The husband is not party to the appeal in point of form, although he is present in spirit. The appeal concerns only the position of a number of companies belonging to the group known as the Petrodel Group which the judge found to be wholly owned and controlled (directly or through intermediate entities) by the husband. There were originally seven companies involved, all of which were joined as additional respondents to the wife's application for ancillary relief. They were Petrodel Resources Ltd ("PRL"), Petrodel Resources (Nigeria) Ltd ("PRL Nigeria"), Petrodel Upstream Ltd ("Upstream"), Vermont Petroleum Ltd ("Vermont"), Elysium Diem Ltd, Petrodel Resources (Nevis) Ltd ("PRL Nevis") and Elysium Diem Ltd (Nevis). Three of these companies, PRL, Upstream and Vermont, all incorporated in the Isle of Man, are the respondents in this court. PRL was the legal owner of the matrimonial home, which was bought in the name of the company in 2001 but was found by the judge to be held for the husband beneficially. There is no longer any issue about that property, which is apparently in the process of being transferred to the wife. In addition, PRL was the legal owner of five residential properties in the United Kingdom and Vermont is the legal owner of two more. The question on this appeal is whether the court has power to order the transfer of these seven properties to the wife given that they legally belong not to him but to his companies.
Part II of the Matrimonial Causes Act 1973 confers wide powers on the court to order ancillary relief in matrimonial proceedings.

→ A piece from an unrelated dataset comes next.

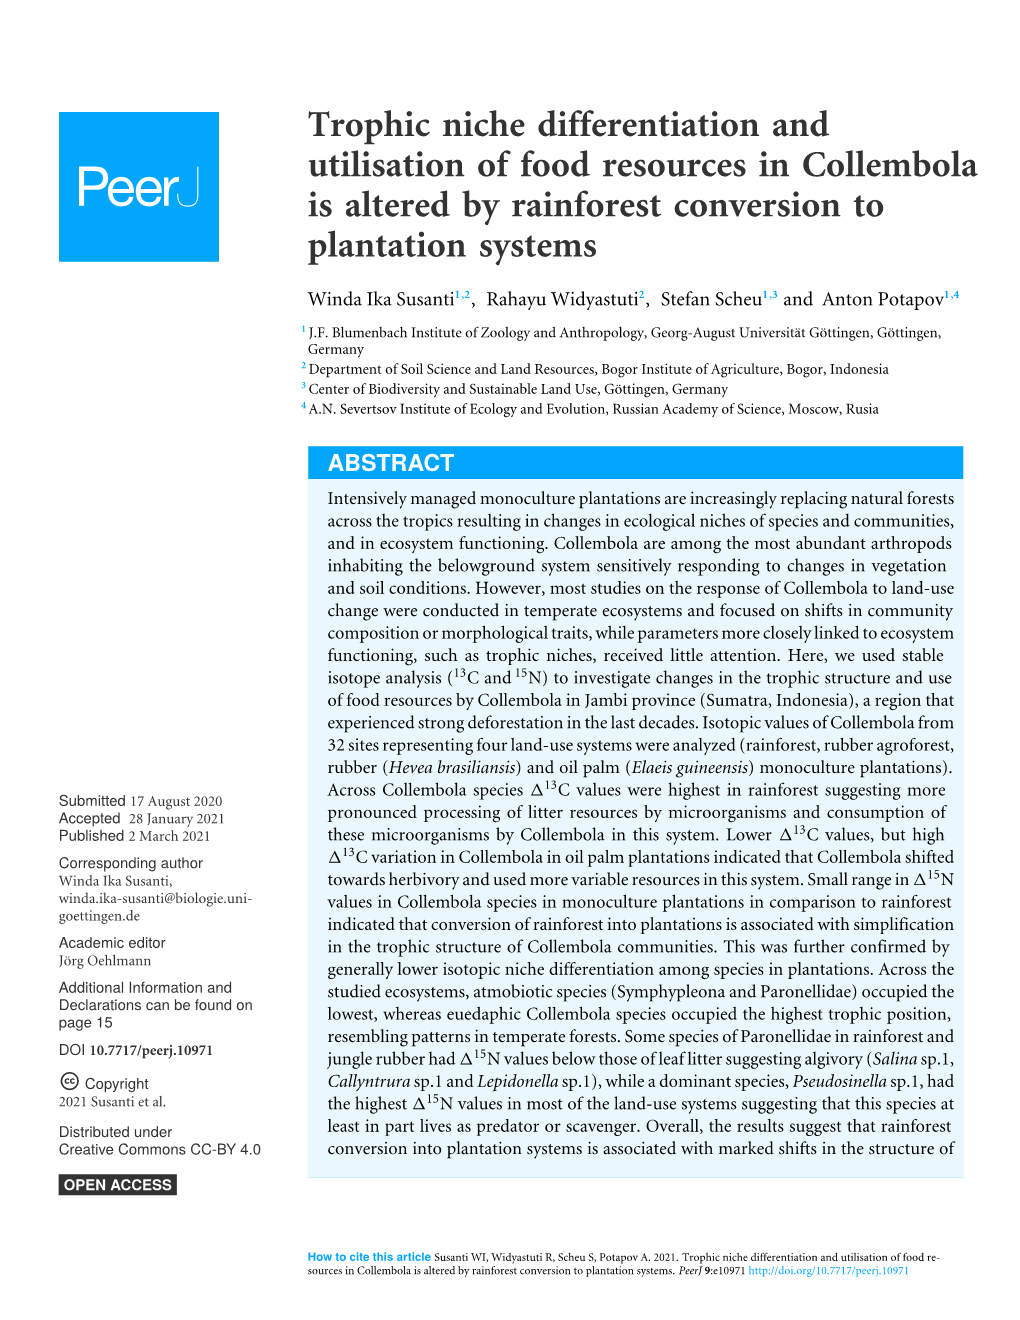 Trophic Niche Differentiation and Utilisation of Food Resources in Collembola Is Altered by Rainforest Conversion to Plantation Systems

Section 23 provides for periodical and lump sum payments to a spouse or for the benefit of children of the marriage. Under section 24(1)(a), the court may order that "a party to the marriage shall transfer to the other party... such property as may be so specified, being property to which the first-mentioned party is entitled, either in possession or reversion". Section 25 provides for a number of matters to which the court must in particular have regard in making such orders, including, at section 25(2)(a), the "income, earning capacity, property and other financial resources which each of the parties to the marriage has or is likely to have in the foreseeable future".
The proper exercise of these powers calls for a considerable measure of candour by the parties in disclosing their financial affairs, and extensive procedural powers are available to the court to compel disclosure if necessary. In this case, the husband's conduct of the proceedings has been characterised by persistent obstruction, obfuscation and deceit, and a contumelious refusal to comply with rules of court and specific orders. The judge, Moylan J, recited in his judgment the long history of successive orders of the court which were either ignored or evaded, the various attempts of the husband to conceal the extent of his assets in the course of his evidence, and the collusive proceedings in Nigeria by which he sought declarations that certain of the companies were held in trust for his siblings. The only evidence on behalf of the respondent companies was an affidavit sworn by Mr Jack Murphy, a director of PRL and the corporate secretary of the three respondent companies, who failed to attend for cross-examination on it. The judge rejected his excuse that he was in bad health, and found that he was "unwilling rather than unable to attend court." His conclusion was that "as a result of the husband's abject failure to comply with his disclosure obligations and to comply with orders made by the court during the course of these proceedings, I do not have the evidence which would enable me to assemble a conventional schedule of assets." However, he found that the husband was the sole beneficial owner and the controller of the companies, and doing the best that he could on the material available assessed his net assets at £37.5 million.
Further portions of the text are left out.